Molecular profiling applied to lung cancer adenocarcinoma (LUAD) research has shed light on precursor lesions at various stages including adenomatous hyperplasia (AAH), adenocarcinoma in situ (AIS), minimally invasive AD (MIA). With whole-exome sequencing and more refined multiregional exome sequencing, key mutations in driver genes such as EGFR, RBM10, BRAF, ERBB2, TP53, KRAS, MAP2K1, and MET are already observed in PMLs. Although these well-known cancer driver events appear early, a rather gradual increment of other events such as APOBEC-associated mutations, total mutational burden, arm and focal copy-number alteration, allelic imbalance, TP53, and HLA loss of heterozygosity accompany malignant progression (43, 44). Using reduced representation bisulfite sequencing, gradual increases in methylation aberrations and intratumoral heterogeneity in the methylation landscape were also observed from early to late lesions (45). These tumor cell-specific changes were accompanied by a gradual decrease in antitumor response and an increase of suppressive or dysfunctional immune cell subtypes along the progression axis (46). Combining targeted immune-related mRNA profiling and TCR profiling with genomic profiling, an association of summed effects of genomic/epigenetic changes and immune alterations was established, although the association of the immune contexture with any single tumor feature was weak, indicating heterogeneous mechanisms that converge on the progression towards immune evasion (46). Dysregulated immunity was also observed in the precursor bronchial PMLs to lung squamous cell cancer (LUSC) through large-scale sequencing (47). Examination of TCR diversity in PML samples revealed a decreased diversity associated with regressed and non-progressed PMLs within the proliferative subtype, indicative of the encroaching of a few dominant T-cell clones in suppressing transformation (48). TCR diversity is negatively associated with IFN signaling scores and antigen processing signatures. Bulk molecular characterization of lung precancer lesions clarified genetic events that occur early versus later in malignant transformation and implicated tumor microenvironmental changes occurring during tumor progression.

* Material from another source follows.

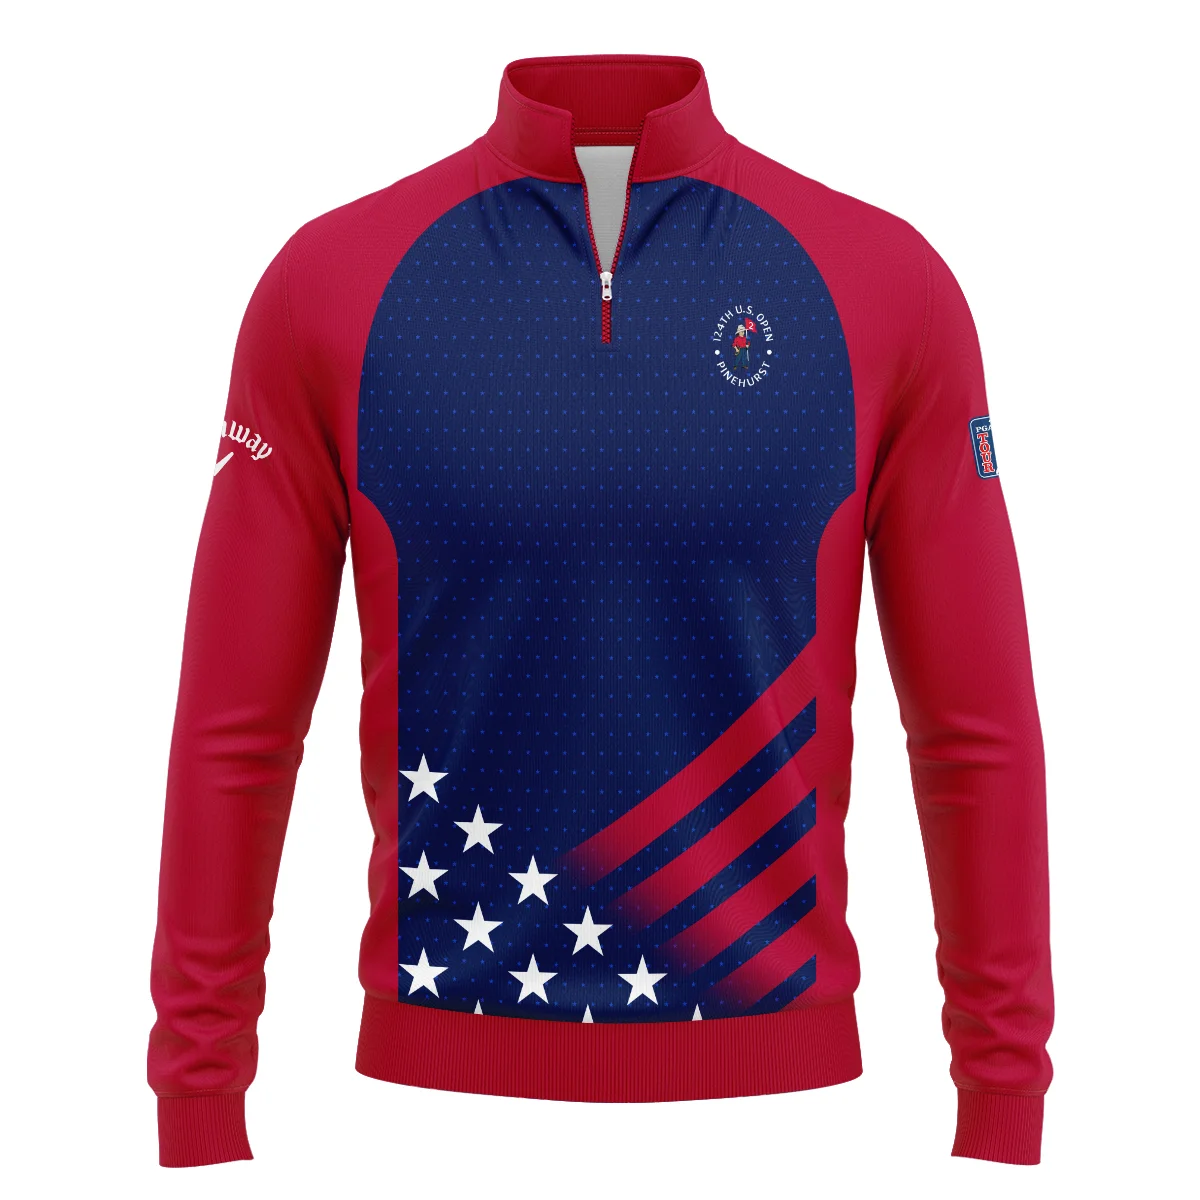 Callaway 124th U.S. Open Pinehurst Star White Dark Blue Red Background Vneck Polo Shirt Style Classic Polo Shirt For Men
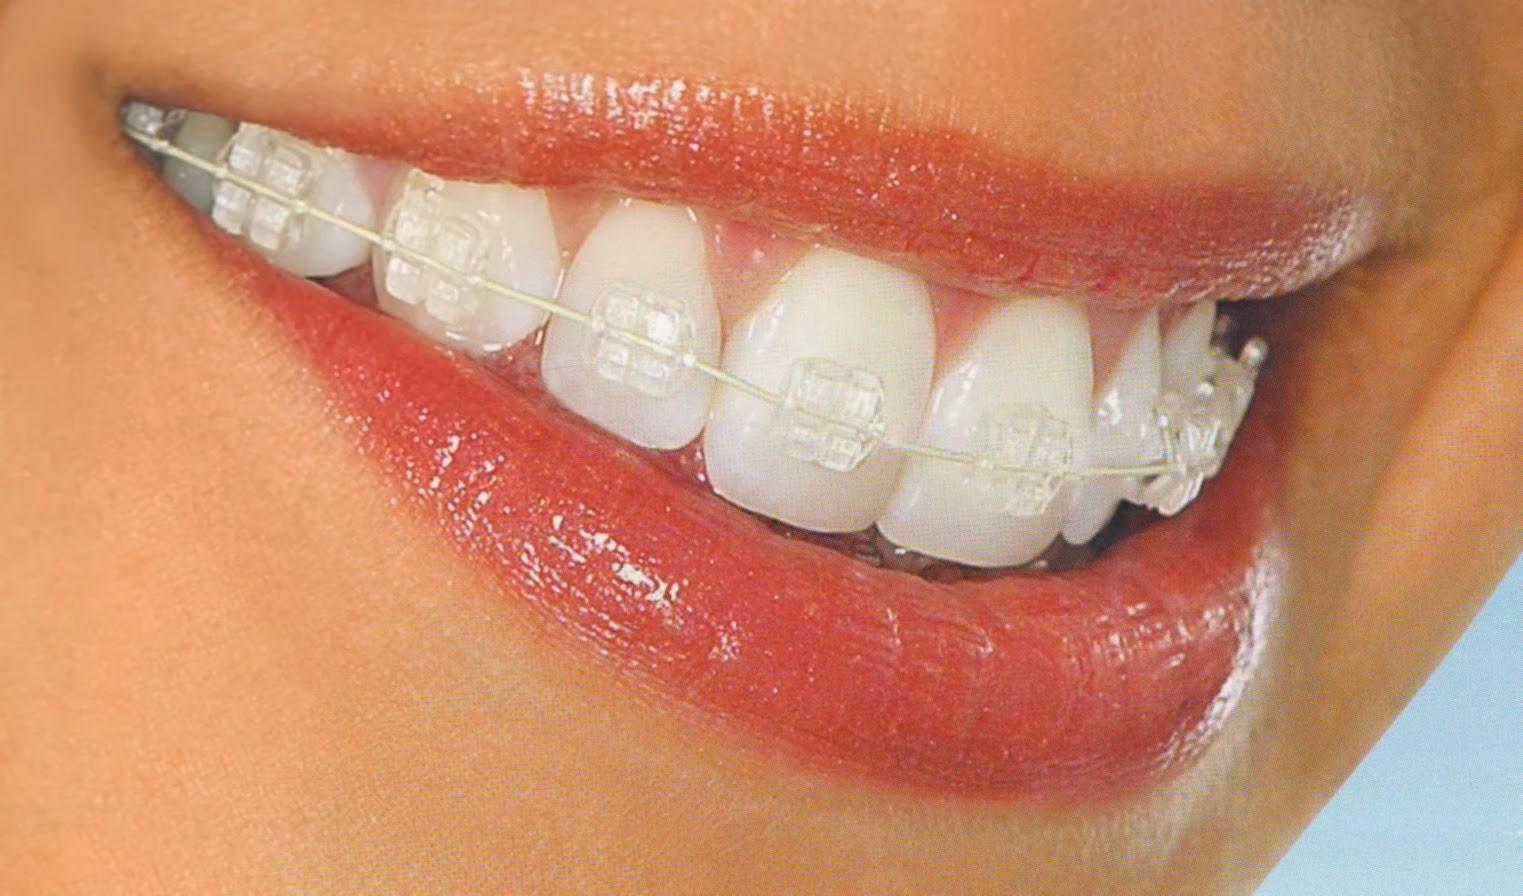 Ceramic braces are also called Invisible braces

In breast cancer, the value of bulk characterization has been demonstrated in characterizing ductal carcinoma in situ (DCIS) pre-invasive lesions. The profiling of two well-annotated cohorts of DCIS specimens with matched recurrence/invasion data identified 812 genes and an early onset copy-number profile that can be used as a classifier for recurrence and invasive progression with high accuracy. Biological programs underlying these molecular profiles include cell-cycle progression, growth factor signaling, increased metabolism, and elevated immune response. The latter was further probed by multiplexed ion beam imaging (MIBI) to reveal associations between CD4+ T cells, myeloid and plasmacytoid dendritic cells, monocytes, and macrophages, with DCIS recurrence (49). Classification efforts in other precancer types produce similar translational values. Transcriptomic profiling produced two nevi/melanoma subtypes: type 1 characterized by pigmentation-type and MITF gene signature and type 2 characterized by inflammatory-type and AXL gene signature, with the former predicted to confer resistance to BRAF/MEK inhibitor and the latter to anti-PD1 treatment (50). Although in cervical cancer, integration of premalignant cervical intraepithelial neoplasia sequencing with HPV status classified high versus low-risk subtypes (51). These multidimensional precancer characterization efforts not only enhance our understanding of the biology of tumor progression but also lay a solid foundation for translational applications such as risk prediction.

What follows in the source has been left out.